The highly distinctive and recognisable Aedas strategic master plan for Djibouti will reinvigorate the city and encourage the growth in trade of capital, goods and services through the whole of East Africa.
The strategic military bases within the city make it very secure. Its political stability is an additional asset. Its people incredibly polite and always smiling and the potential for growth is huge. Already its telecommunications system ranks among the best in Africa.
The strategic master plan is a progressive and sustainable model for regeneration that not only looks to the future but also draws from the rich heritage and culture of the city and the country. The astonishing cultural diversity of Djibouti, apparent in its historic French Colonial Quarter and Arabic houses, informs the urban grain and scale of the masterplan and ties the new into the historic fabric.

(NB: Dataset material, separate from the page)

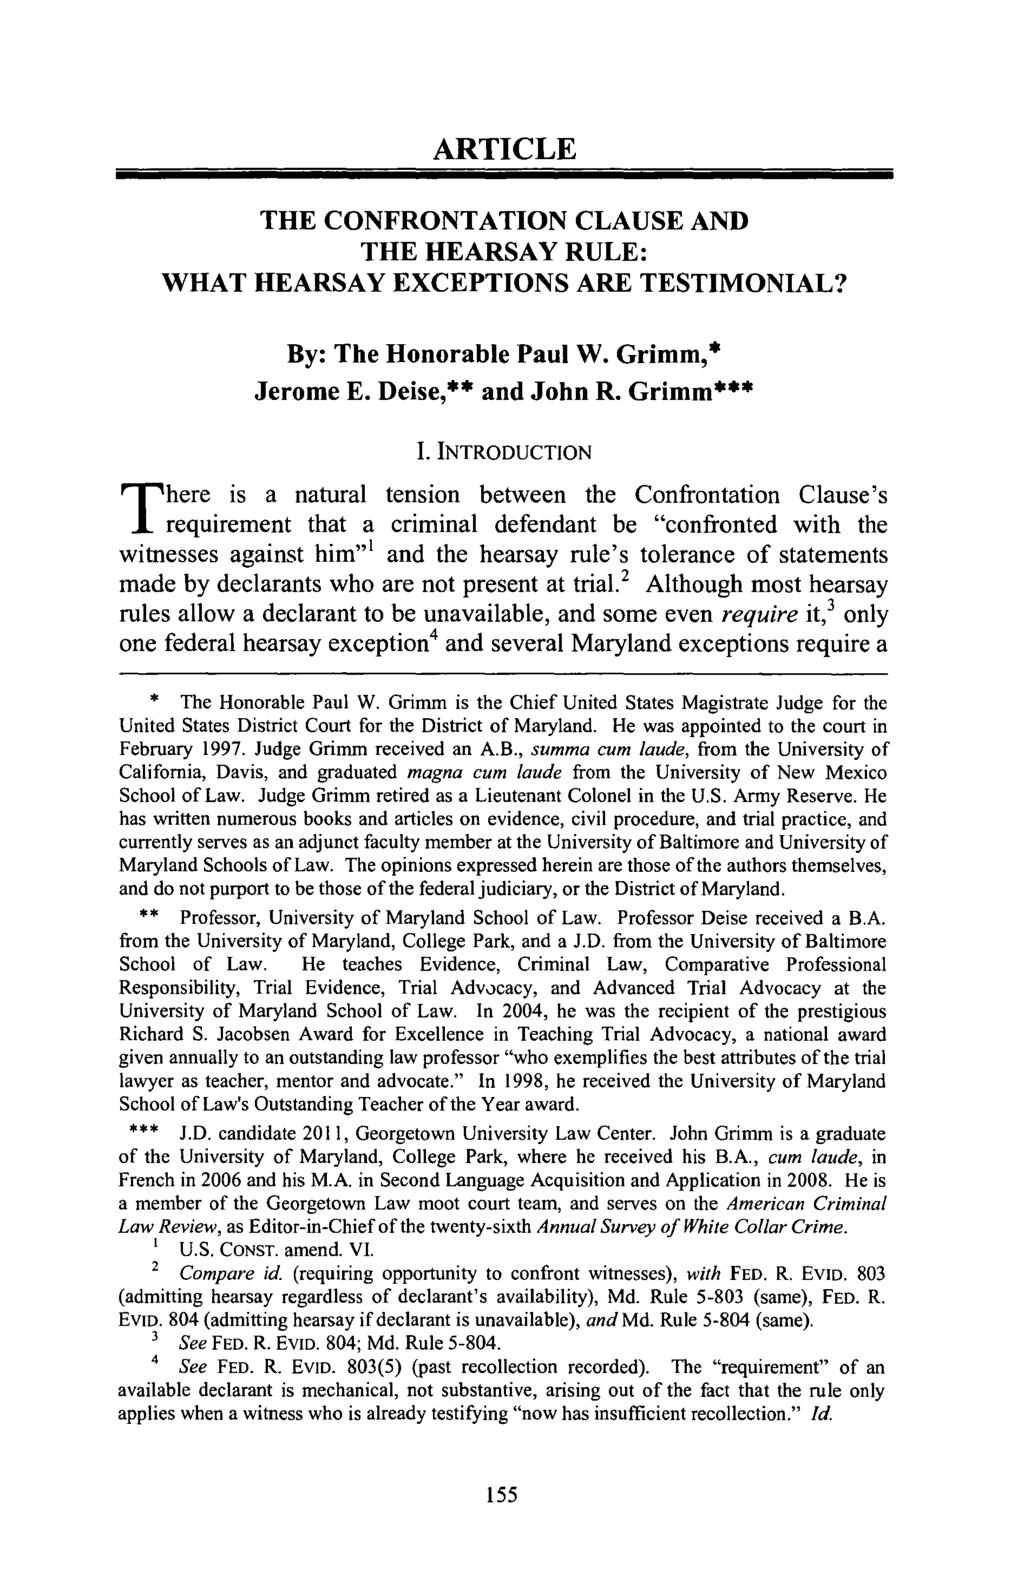 ARTICLE THE CONFRONTATION CLAUSE AND THE HEARSAY RULE: WHAT HEARSAY EXCEPTIONS ARE TESTIMONIAL? By: The Honorable Paul W. Grimm, Jerome E. Deise, and John R. Grimm 1.
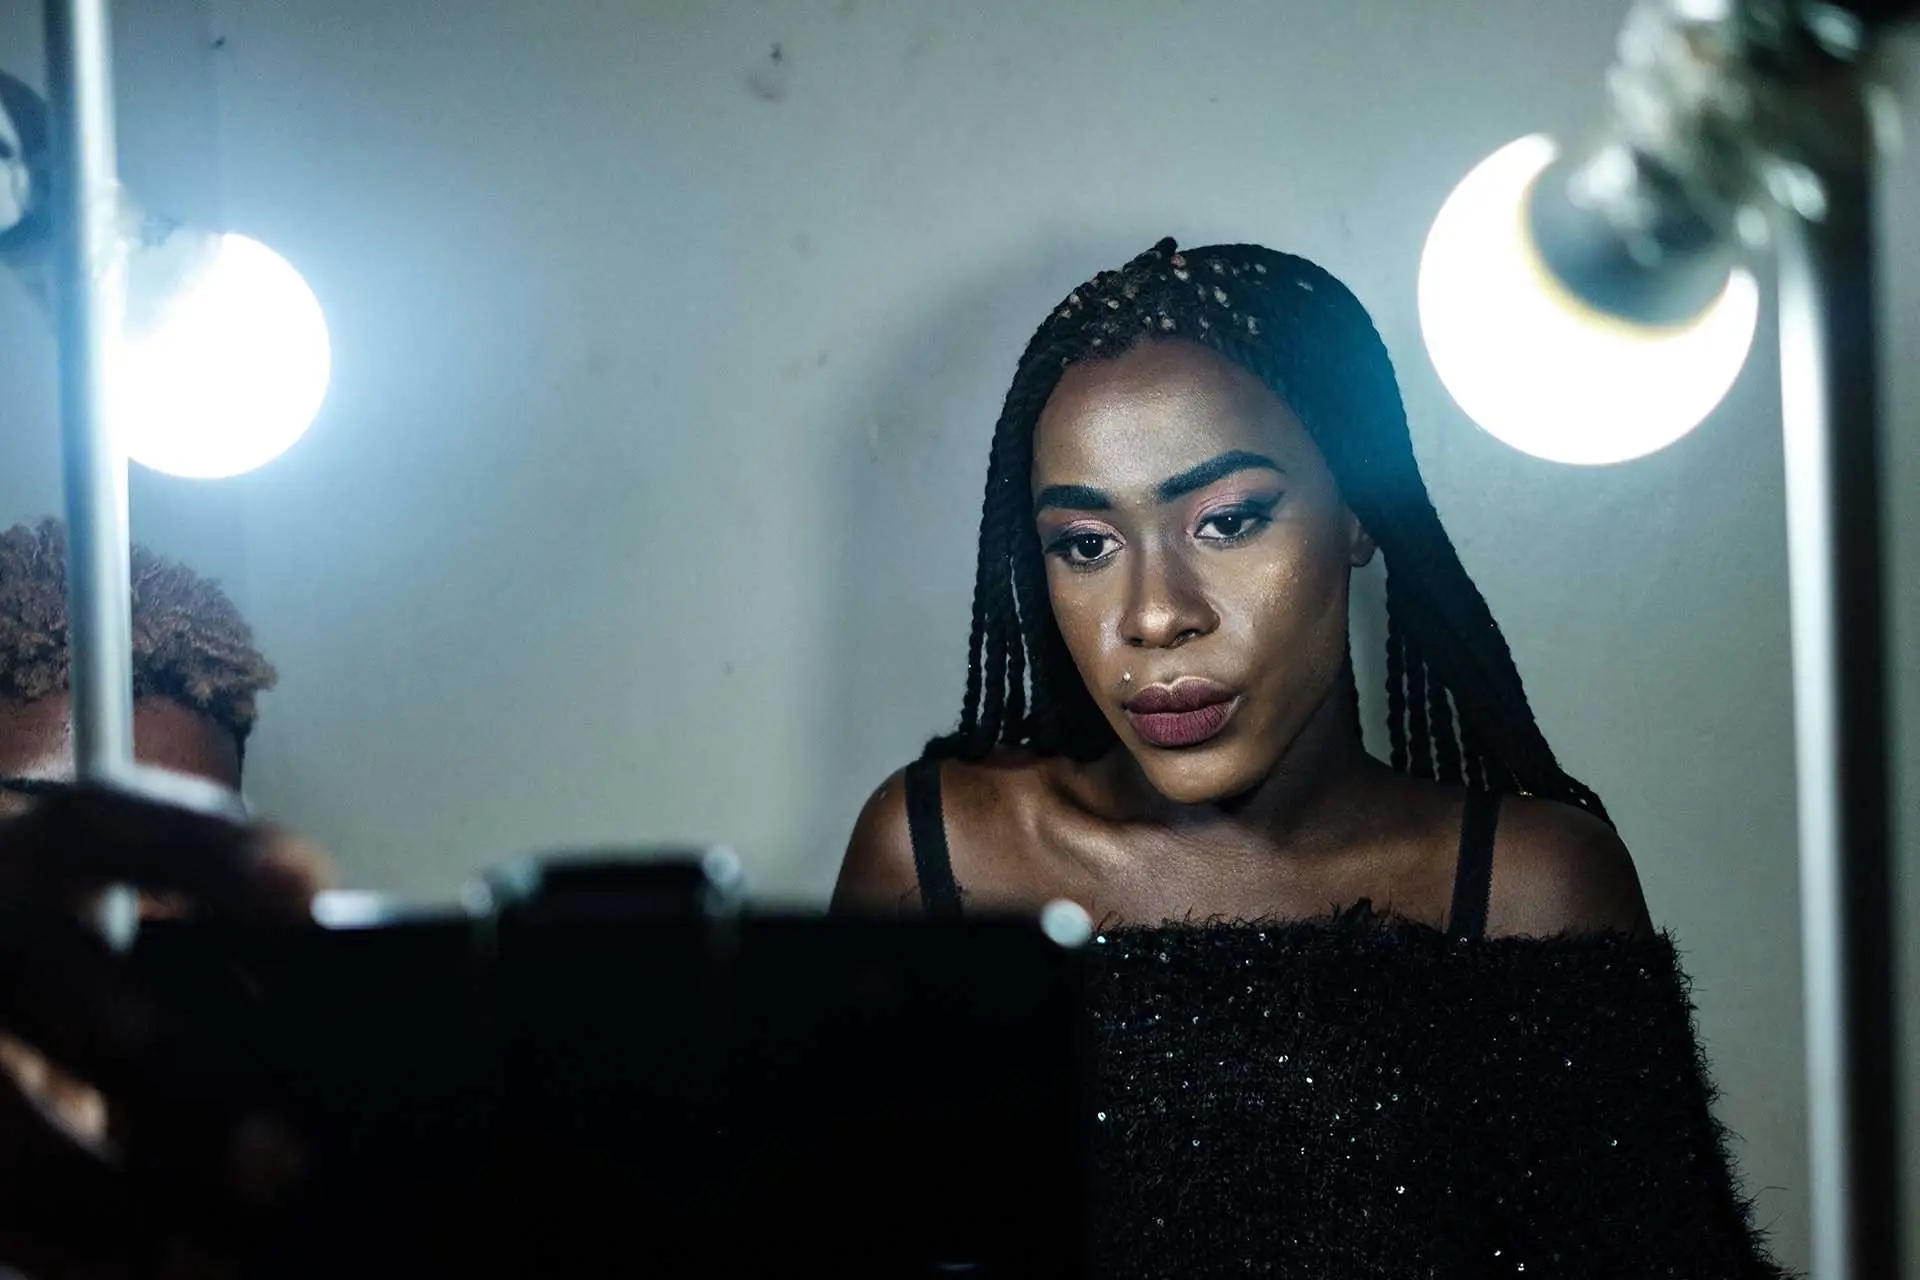 A Black woman in a glittery black top sits in front of a camera and lightbulbs, a blank wall behind her.

There is a danger with a master plan proposal of this scale is that the historic context and diversity is lost amongst the delivery of a skyline of high-rise towers and reflective glass. It is better to create a master plan that has been informed by the special nature of the place and so works with it.
The development is on the key peninsula site of Djibouti and will deliver not only a new and vibrant waterfront, but create a series of distinct places within a sustainable environment, offering leisure and tourist facilities, commercial office space, cultural and residential quarters and a focus for new foreign investment to the city and so the wider country. The master plan focus is not about buildings alone but is equally about space and places for the population to gather and connect. It has a new cultural heart which creates a public venue and focus for a new chapter in Djibouti’s history.
The recently completed railway connections and the planned airport upgrades will sit alongside the new port and cruise terminals ensuring that a full range of transport infrastructure facilities will be in place to deliver the sustained economic regeneration of the wider Aedas master plan. The huge benefits of the industrial parks and modern farms will ensure goods and services are able to be presented, traded and moved out from Djibouti, by various routes.
Catering for local and international investors and manufacturers, the master plan recognises culture and national identity as key to the success of the new opportunity, with revitalisation an ongoing process, which involves public participation as well as private investment. In addition the key principles of public space and landscape themes are in evidence throughout the masterplanning guidelines and will create the distinctive places Aedas has set out to deliver.